There are 9 lies that hurt HSP introverts. These lies can affect your health, personal and work relationships, your ability to be successful in what’s important to you, and can keep you from feeling good. So, yeah, I’d say they’re a pretty big deal.
These lies keep you from being compassionate with yourself. They keep you from owning your HSP and accepting your sensitivity as the strength it can be.
The truth about the 9 lies that hurt HSP introverts is that they keep you from connecting with your strength.
I talk about Papercut Hurts as the “little things” I’ve experienced that can strike an instant, paralyzing blow to your heart and being: a facial expression of disgust, a sharp or belittling tone of voice, one little comment or action that feels insensitive or inconsiderate.
They’re the kind of hurts that other people sometimes snicker at if you acknowledge your hurt to them. They’re the kind of hurts that people who aren’t highly sensitive might respond to with sarcasm:
“Oh, c’mon. Really?” followed by the dreaded: “You just need to get a thicker skin!” or some version of it. These messages bombard HSPs from every direction, so much so, that it becomes truth. You are too sensitive. There’s something wrong with you that needs fixing. You are faulty.
As William James said “There’s nothing so absurd that if you repeat it often enough, people will believe it.”
Believing that you are too sensitive causes all sorts of problems, but I think the worst one is believing you don’t deserve self-compassion for the overwhelm and pain that can come with sensitivity. You just have to learn to let things “roll off your back,” right? Well, no.
Lie #1: Self-Compassion Sugarcoats Reality
Truth: Self-compassion opens us to experience pain more fully, not bypass it. Self-compassion doesn’t mask reality. Self-compassion gets right up in your naked face and says “I see you as you are with all your imperfections, and there is nothing wrong with you.”

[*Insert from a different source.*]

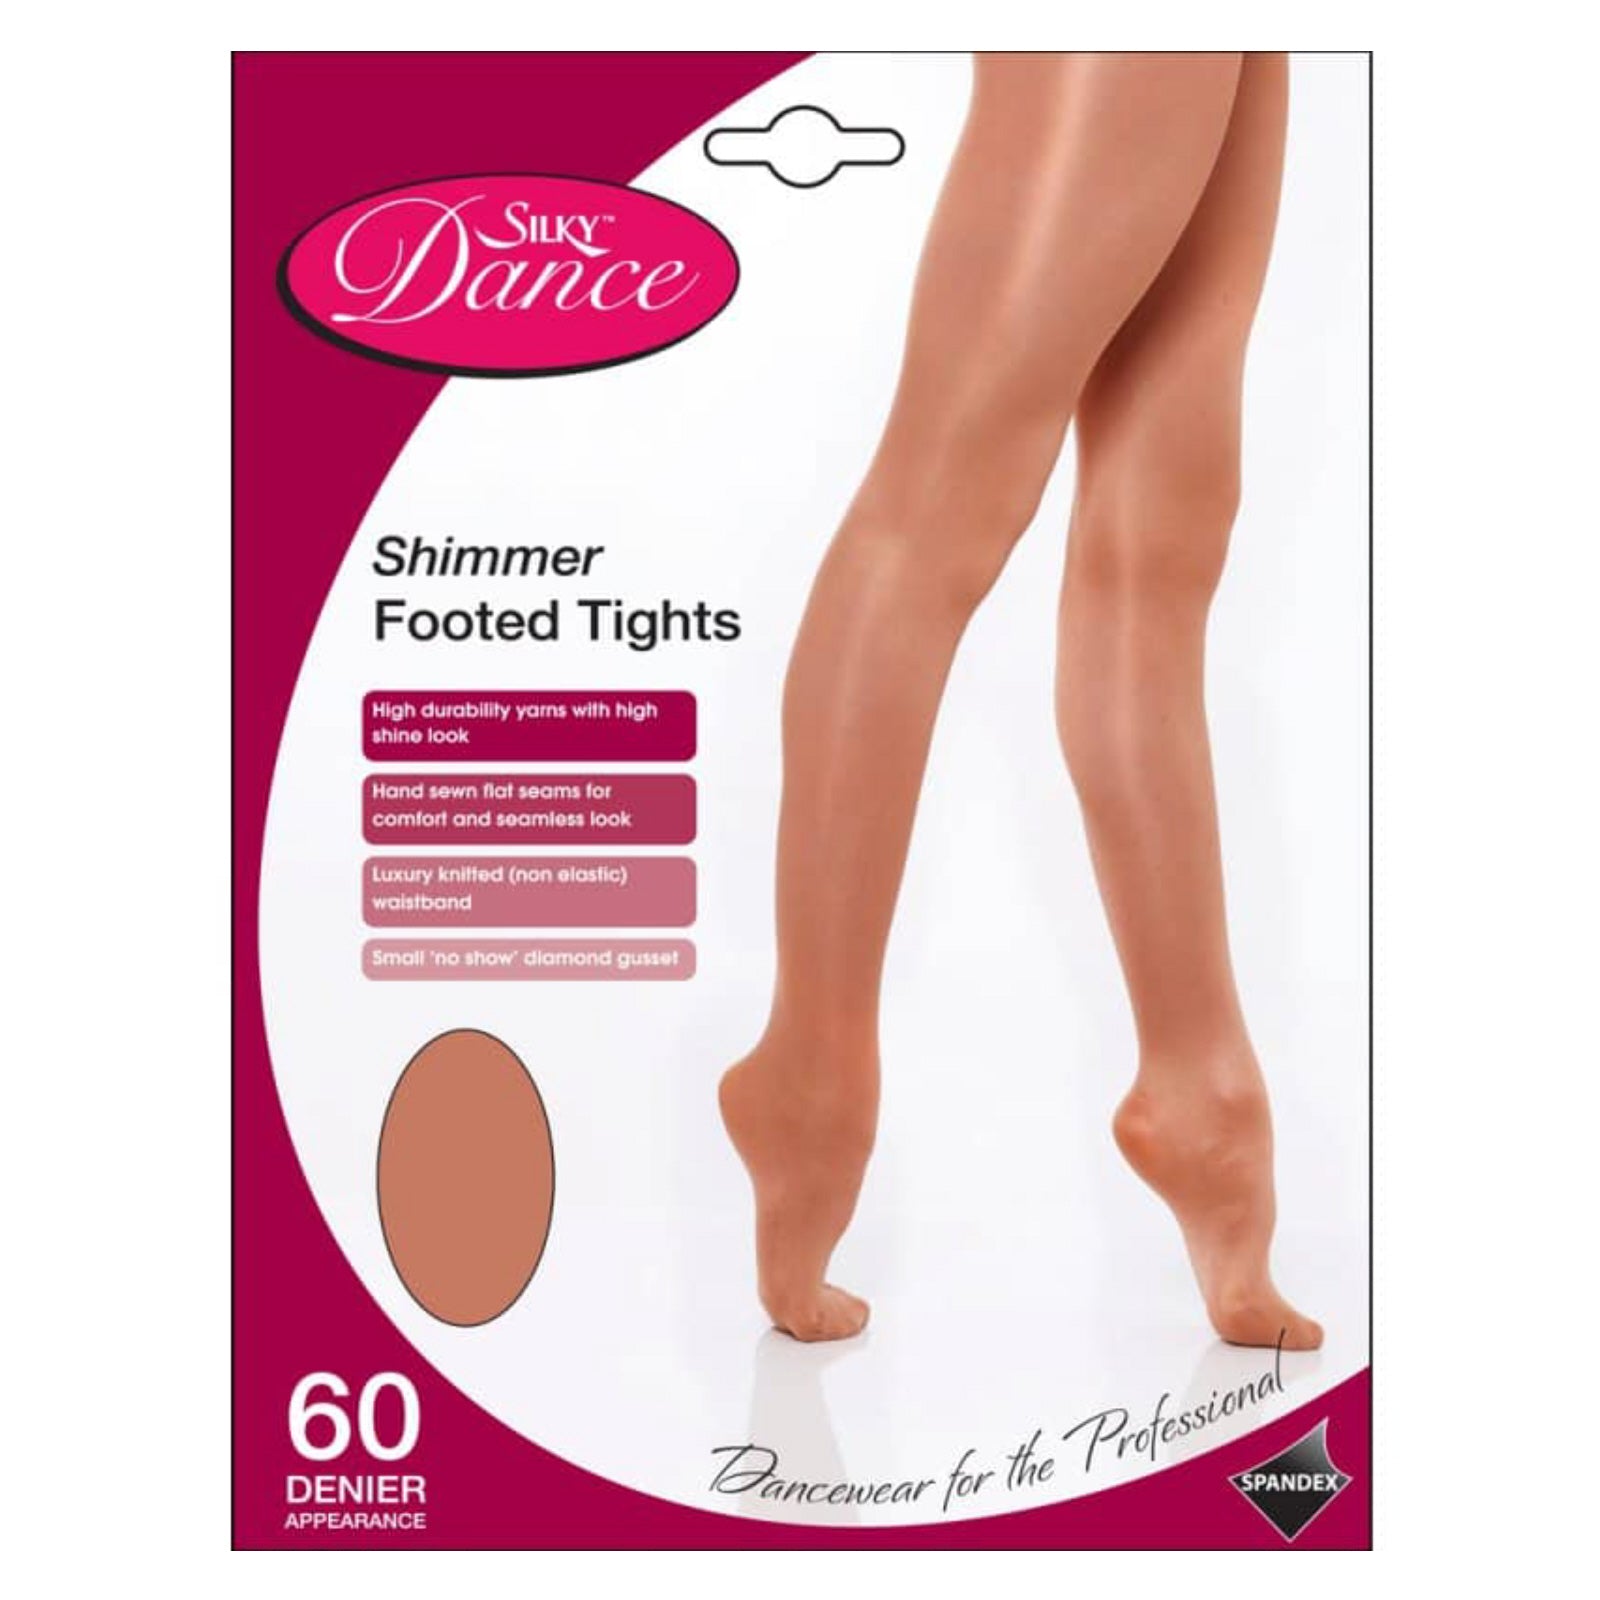 Ladies Shimmer Footed Tights

Self-compassion lets you be vulnerable, sensitive, self-doubting, and hurting and doesn’t try to make it all “ok” or pretend that everything is ok when it isn’t.
Lie #2: Self-Compassion is Egotistical (self-centered)

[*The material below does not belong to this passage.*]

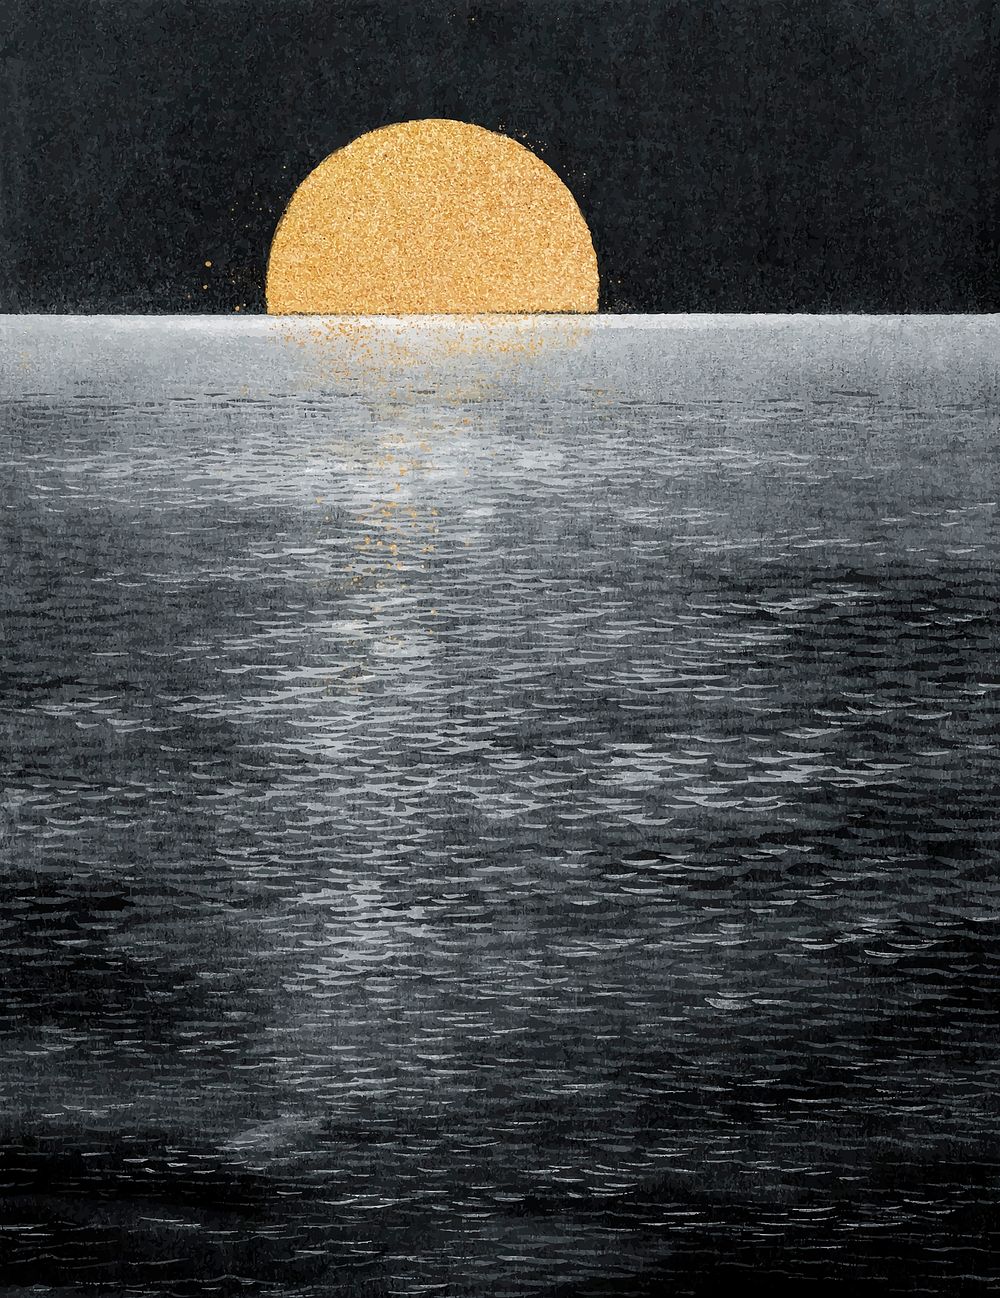 Moon rising over the sea vintage illustration vector, remix from original artwork.

Truth: Self-compassion is a way to relate to yourself with kindness, not evaluate yourself as better than anyone else. Painful or difficult experiences are just that: painful and difficult. And, it is the way in which others relate to you–and more importantly, the way in which you relate to yourself–around these painful and difficult experiences that allow for self-acceptance and peace.
It takes a lot of energy to live with the belief that “you” are the problem. It makes it a whole lot harder to pay attention to other people’s needs and really be present with them when you’re struggling with yourself.
Lie #3: Self-Compassion Makes You Complacent or Weak
Truth: Self-compassion takes courage. Seeing yourself as you are, and feeling your vulnerability is not for sissies. Self-compassion motivates change because it provides you with the emotional battery “recharge” you need to feel good about yourself so you can contribute to the world. Self-compassion offers you the opportunity for living in your strengths as an HSP introvert. Being compassionate with yourself around your vulnerabilities makes you less likely to let the bastards and the bullies get you down (or at least make it easier to bounce back from a psychological assault).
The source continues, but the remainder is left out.